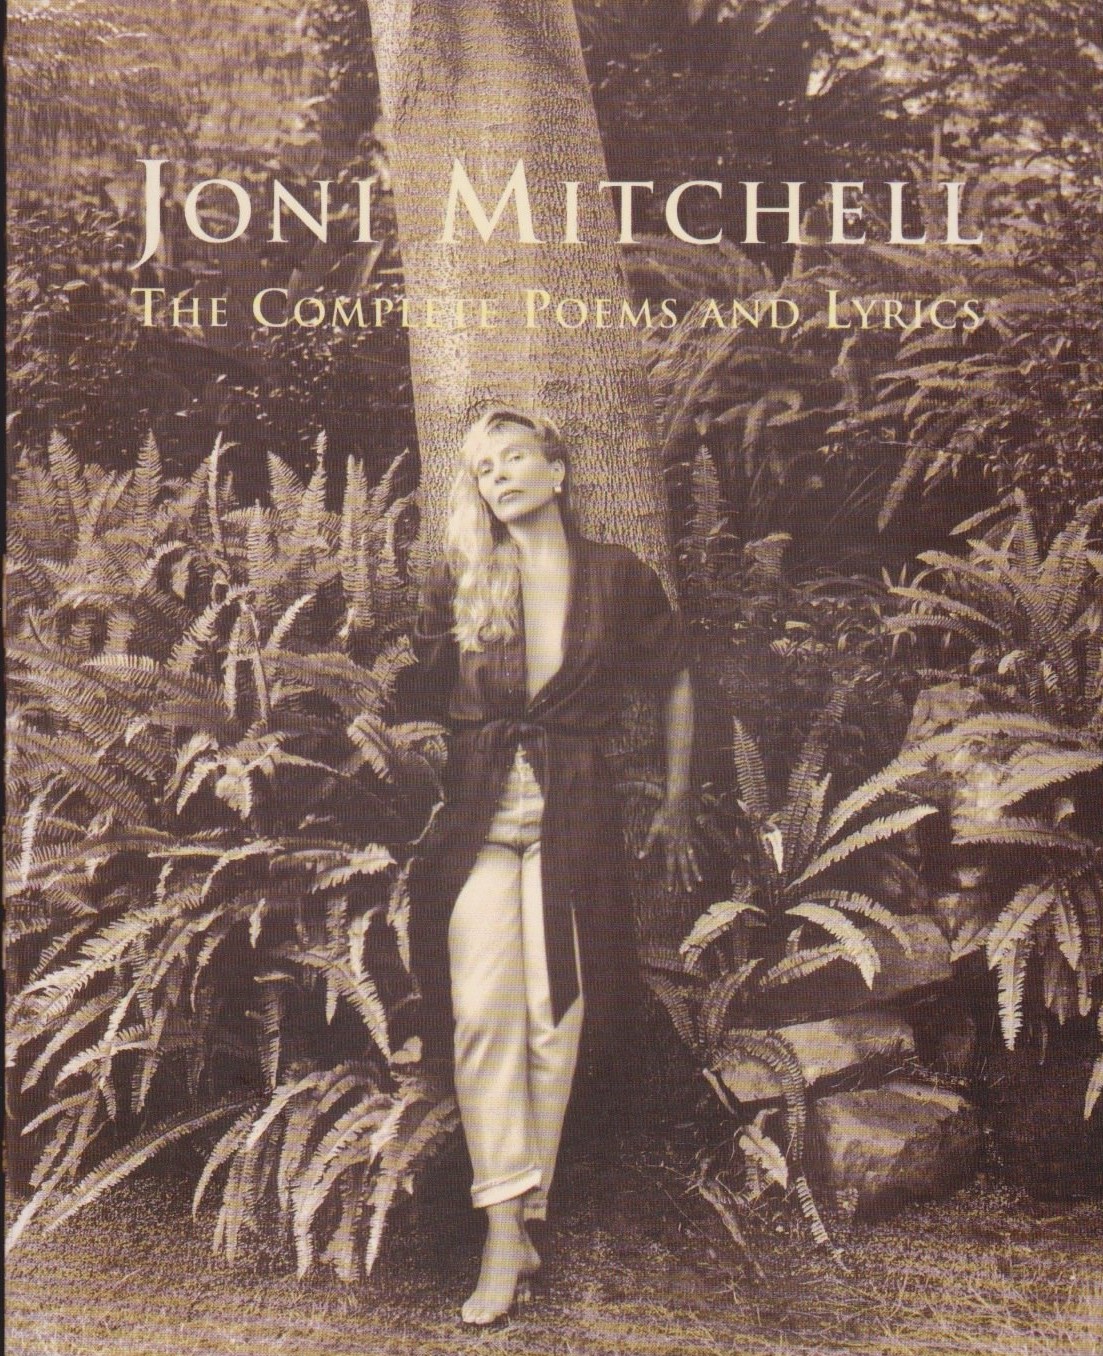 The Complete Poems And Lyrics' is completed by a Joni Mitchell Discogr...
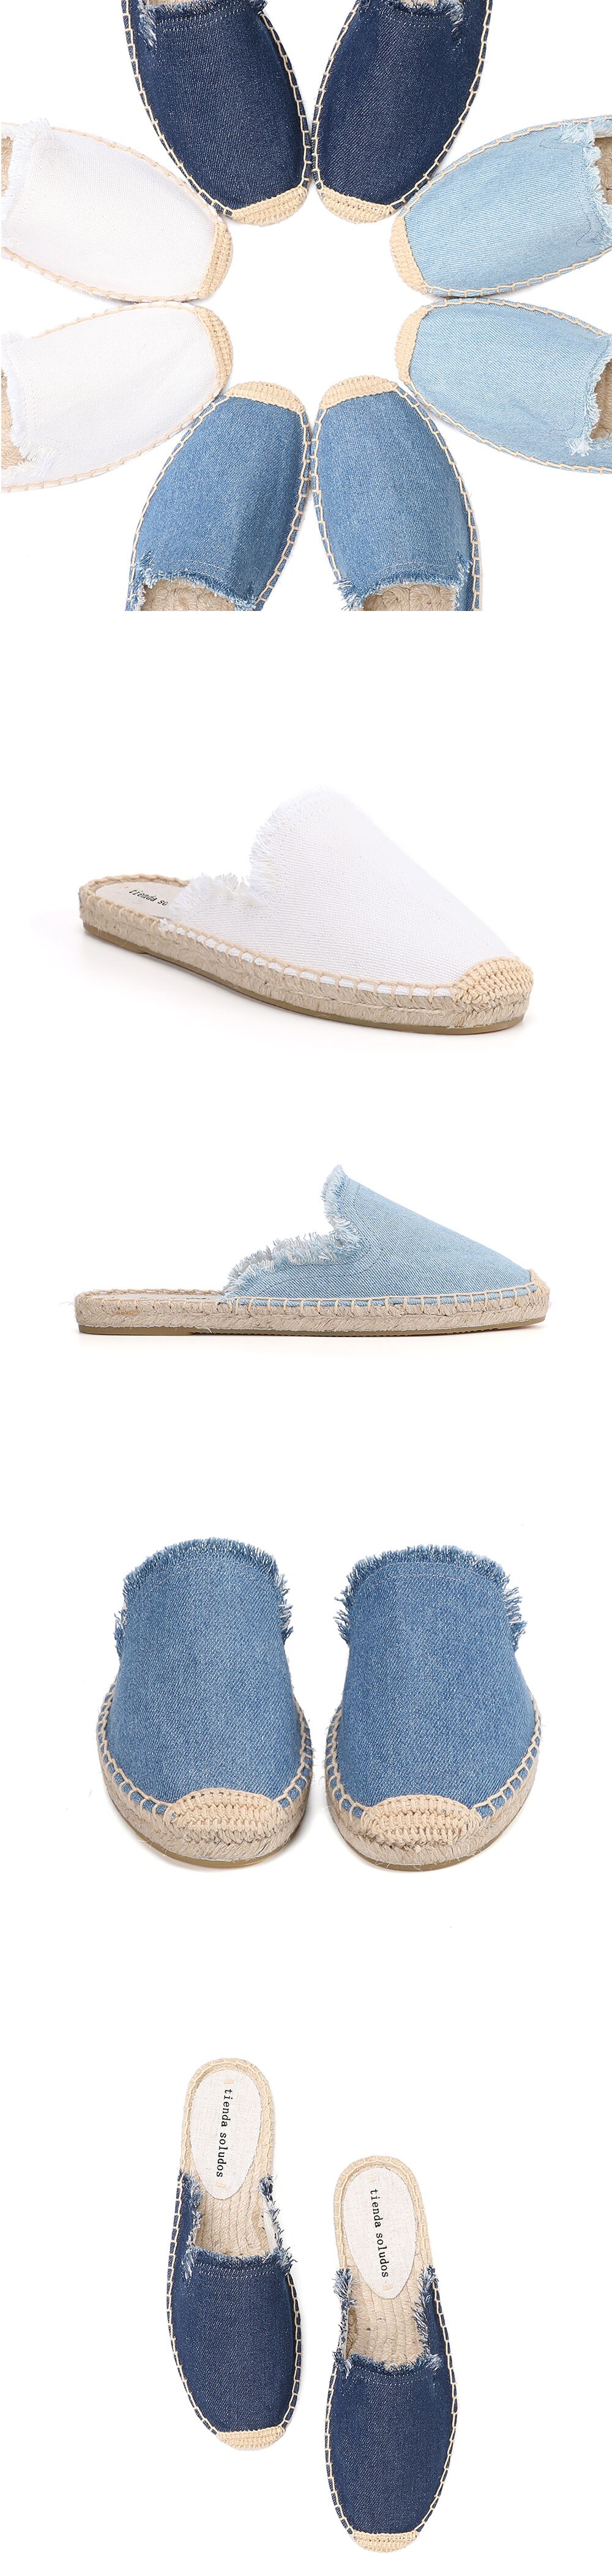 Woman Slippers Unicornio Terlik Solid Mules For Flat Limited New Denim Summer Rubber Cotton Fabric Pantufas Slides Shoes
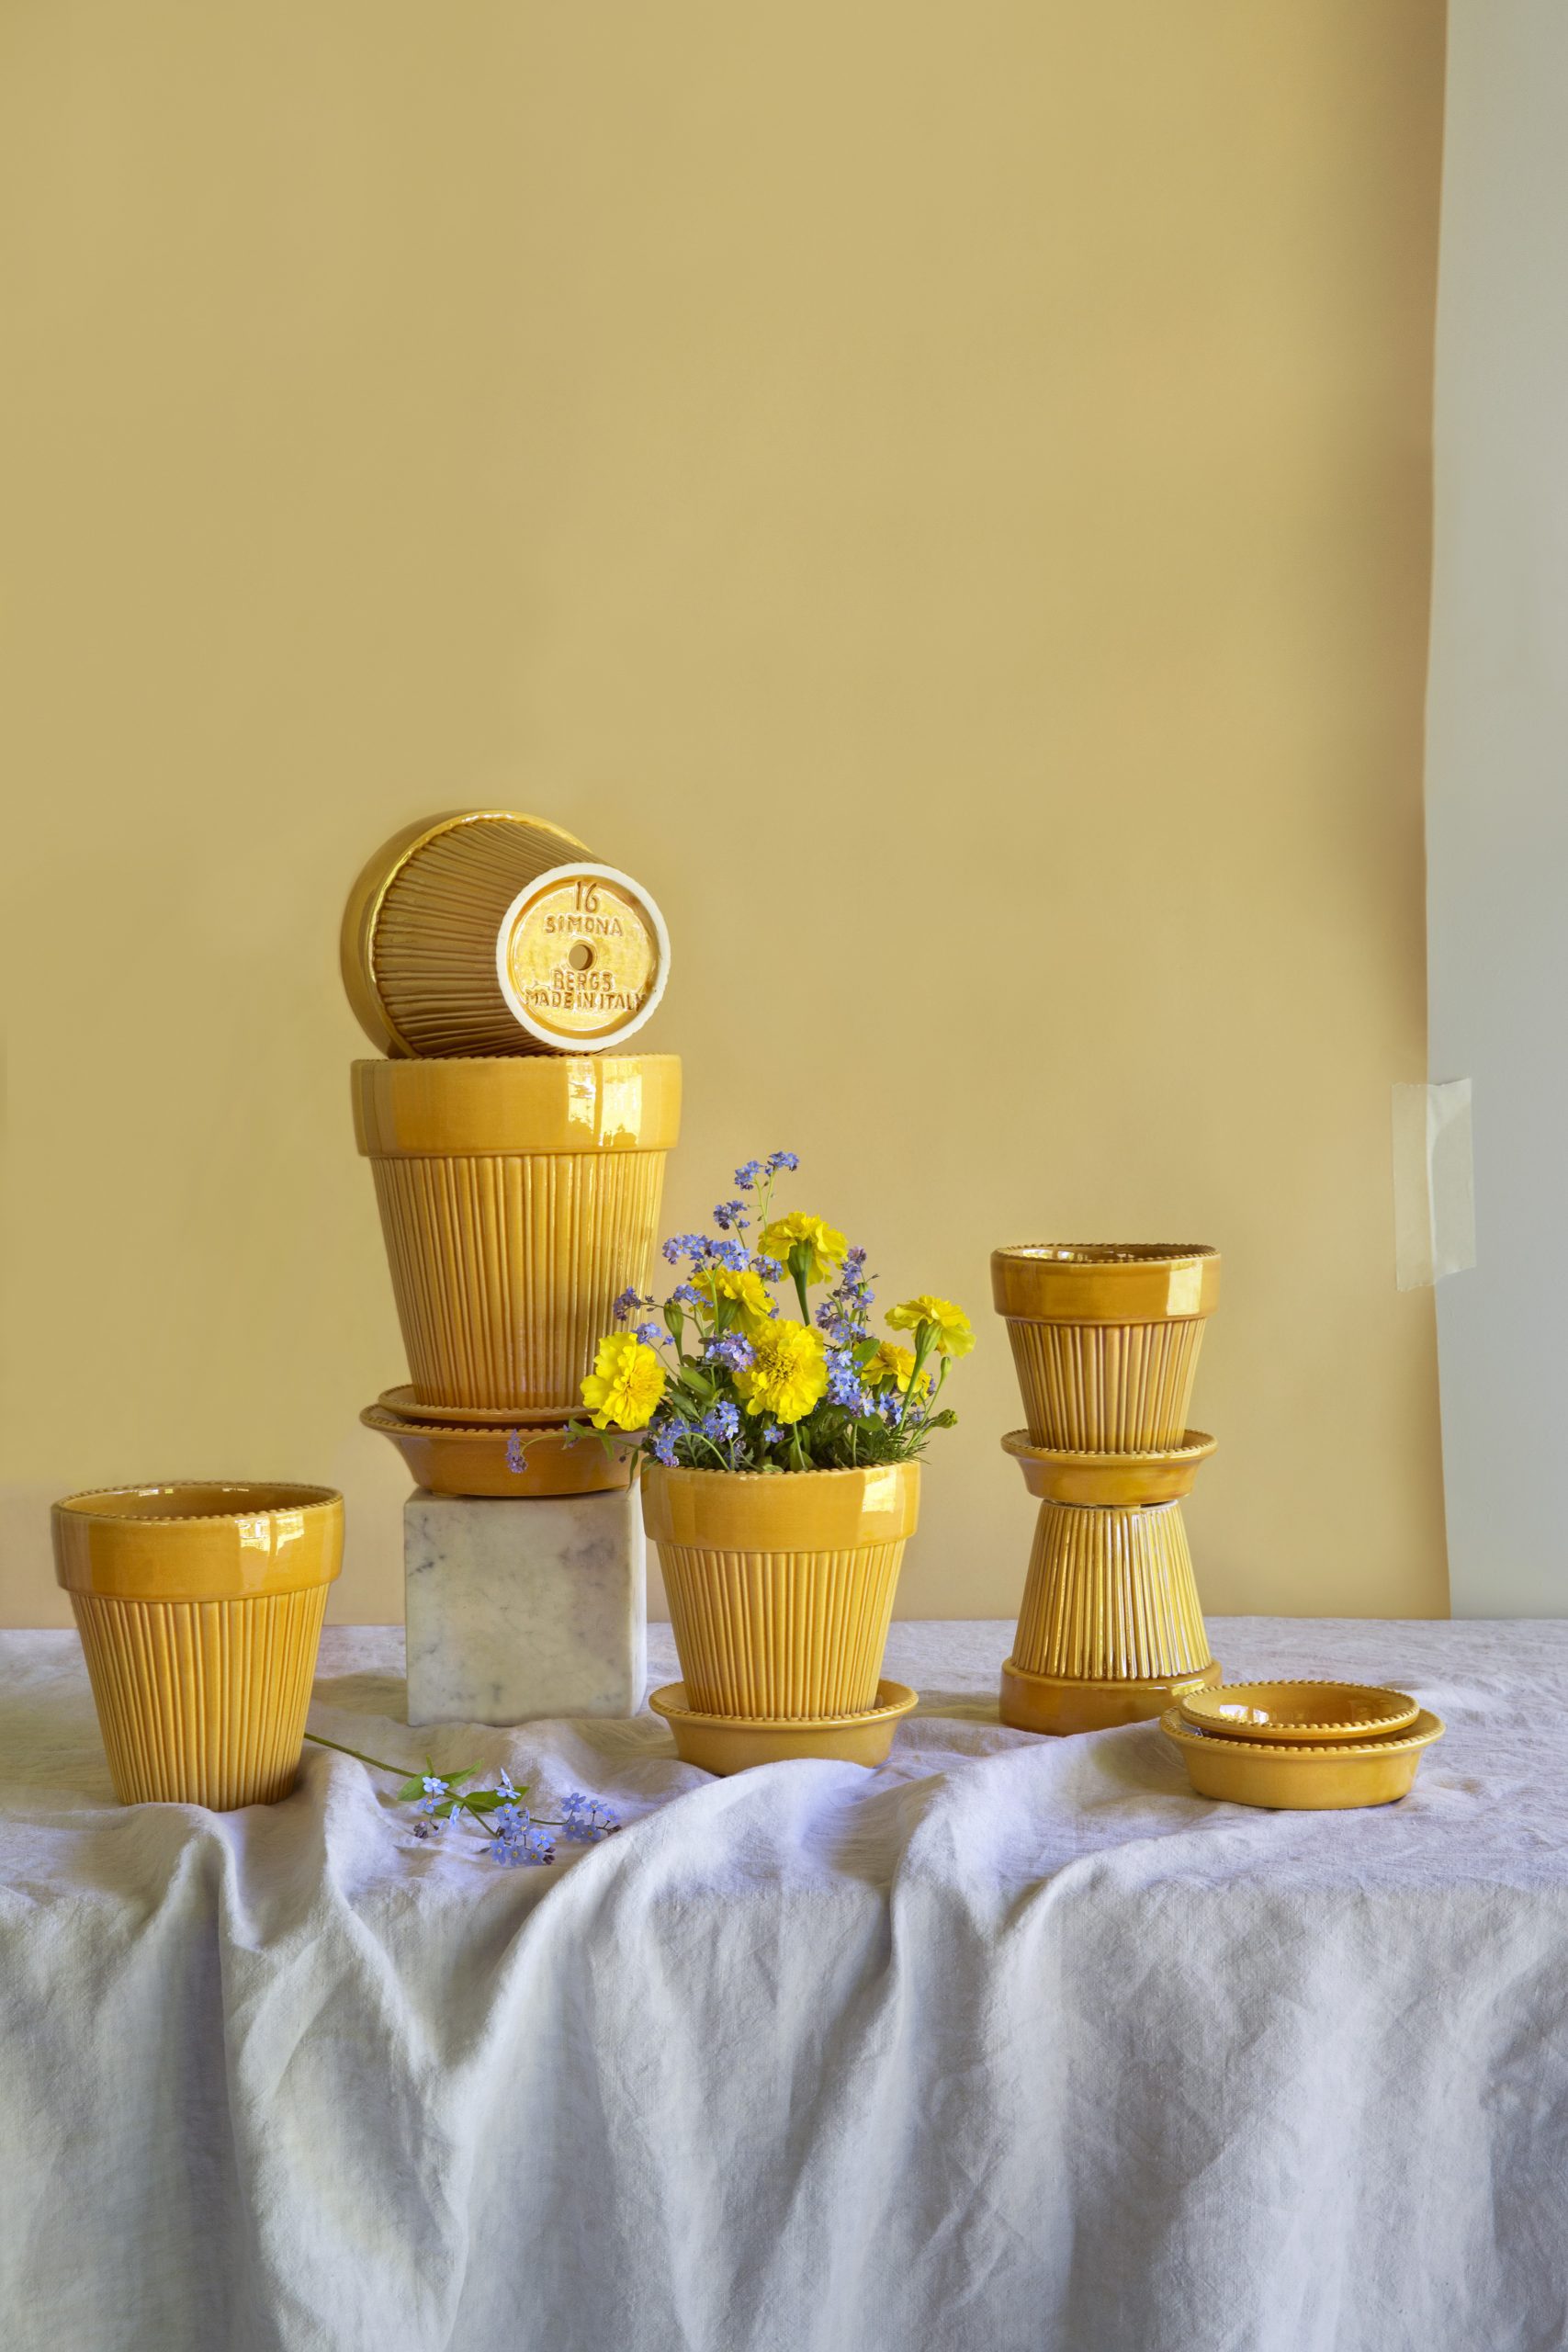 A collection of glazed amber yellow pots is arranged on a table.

• [Try it] Restate the entire listing word for word, excluding pictures.

• [Task output]
 The Complete Poems And Lyrics' is completed by a Joni Mitchell Discogr...
 Woman Slippers Unicornio Terlik Solid Mules For Flat Limited New Denim Summer Rubber Cotton Fabric Pantufas Slides Shoes
 A collection of glazed amber yellow pots is arranged on a table.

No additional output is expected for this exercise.